(Input data):
::::

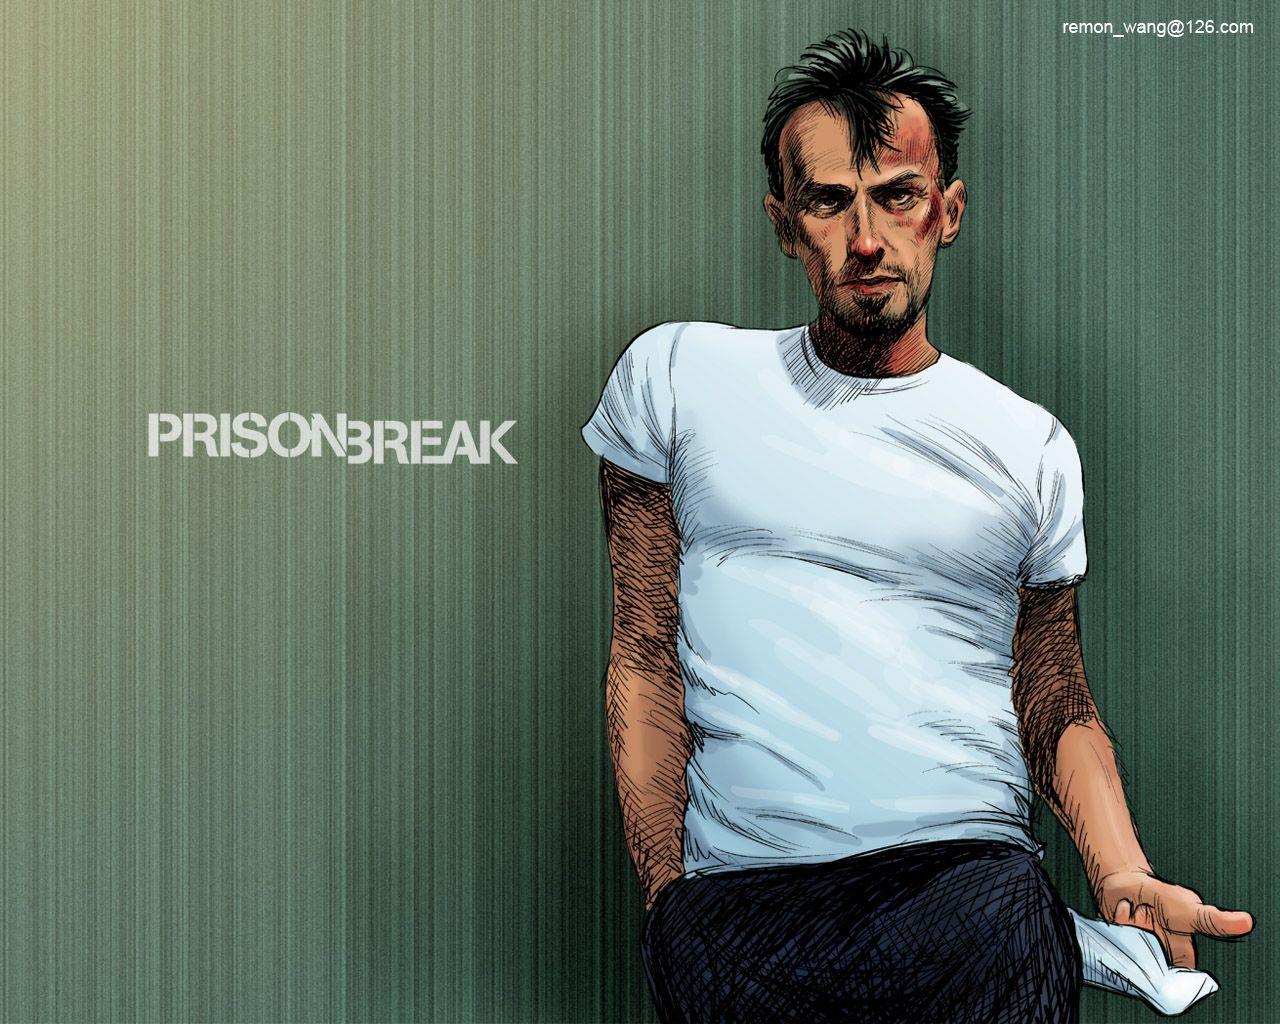 T Bag. Prison Break Prison Break, Prison
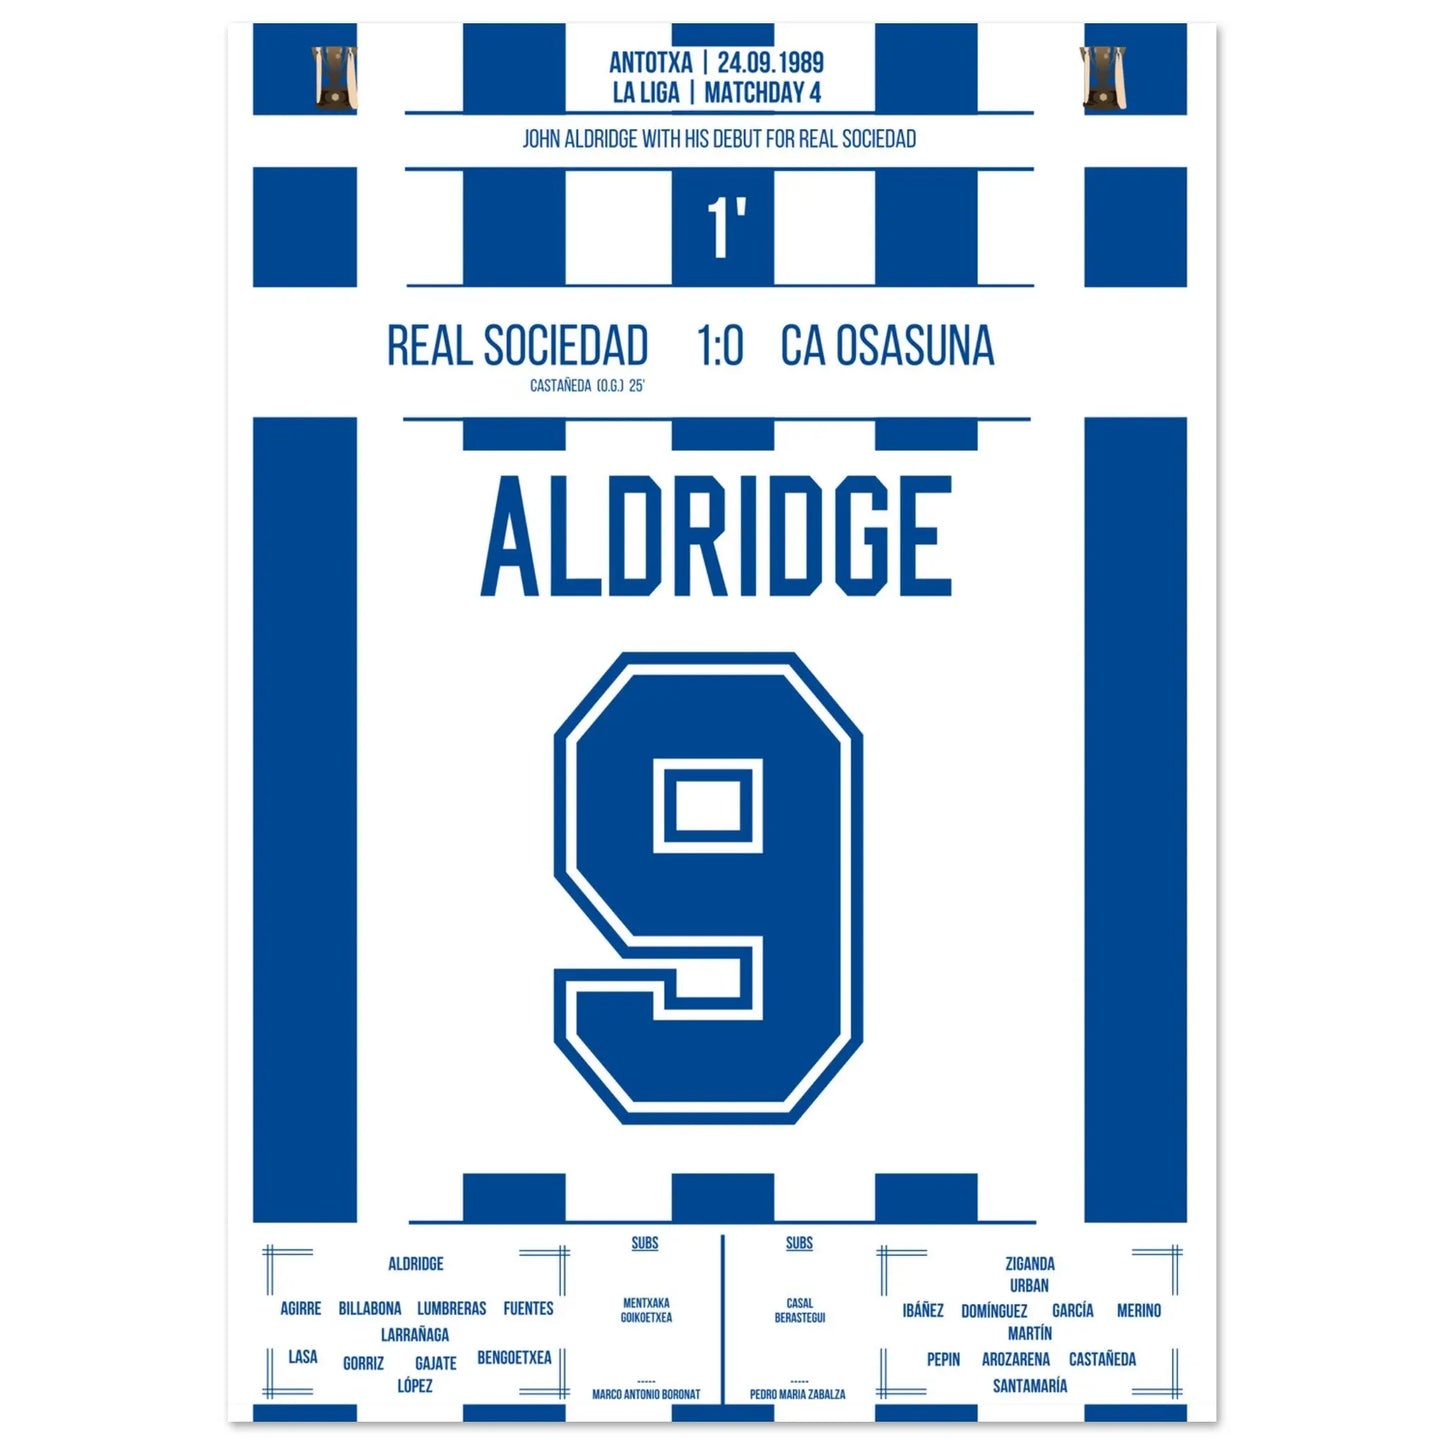 Debüt-Spiel von John Aldridge für Real Sociedad
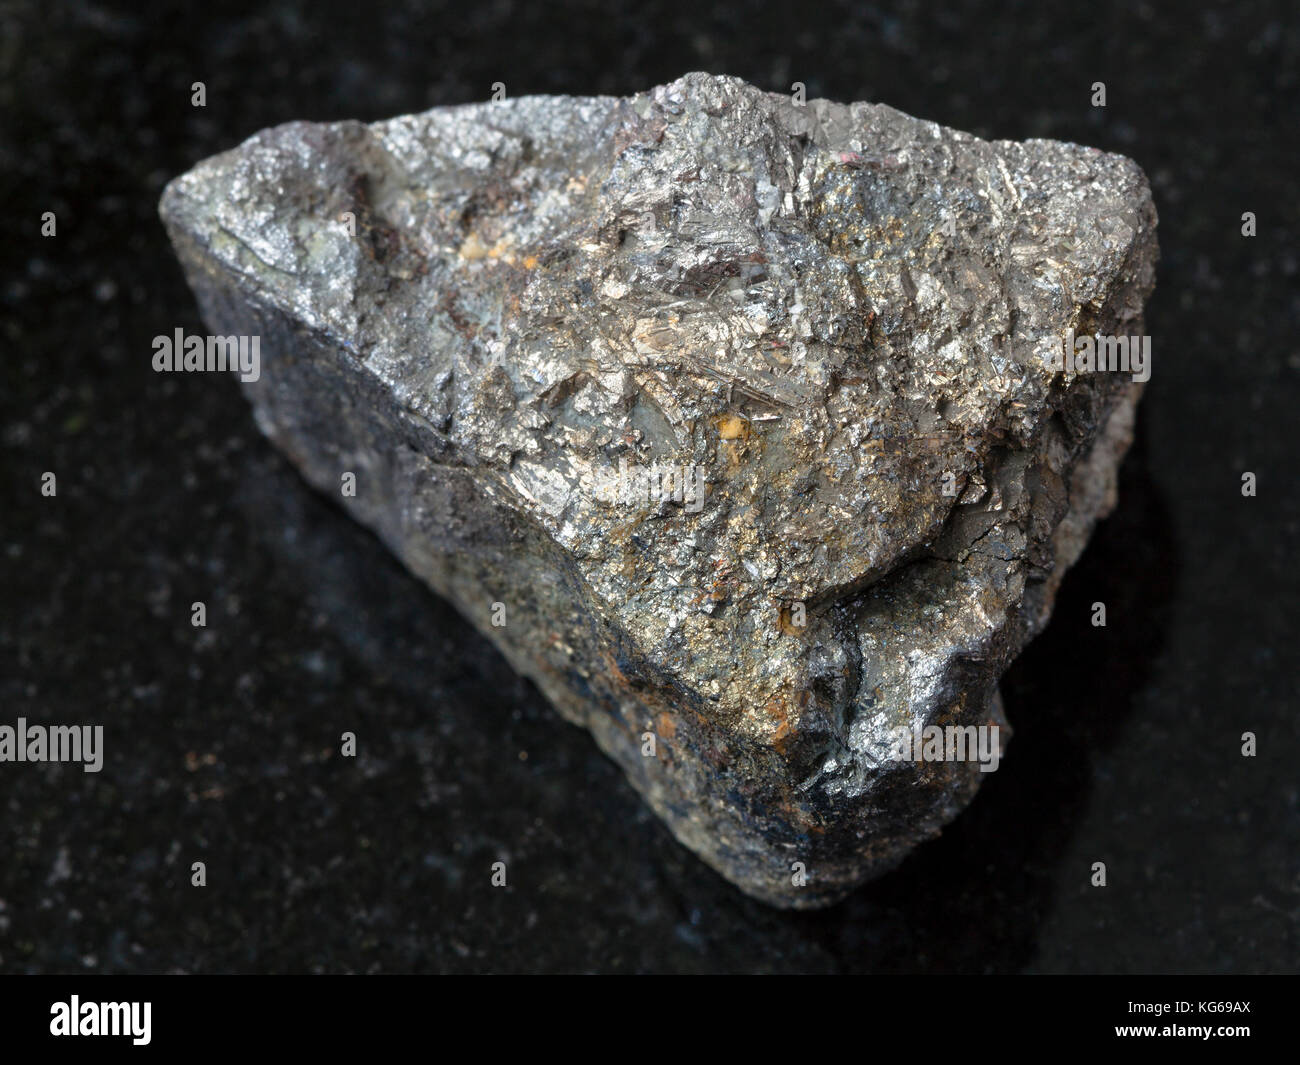 Makroaufnahmen von natürlichen Mineralgestein Muster - raw Arsenopyrit Stein auf dunklem Granit Hintergrund aus zabaykalsky Krasnodar, Russland Stockfoto

::::

Repeat the whole listing above word for word, but keep any picture out of it.

 T Bag. Prison Break Prison Break, Prison
 Debüt-Spiel von John Aldridge für Real Sociedad
 Makroaufnahmen von natürlichen Mineralgestein Muster - raw Arsenopyrit Stein auf dunklem Granit Hintergrund aus zabaykalsky Krasnodar, Russland Stockfoto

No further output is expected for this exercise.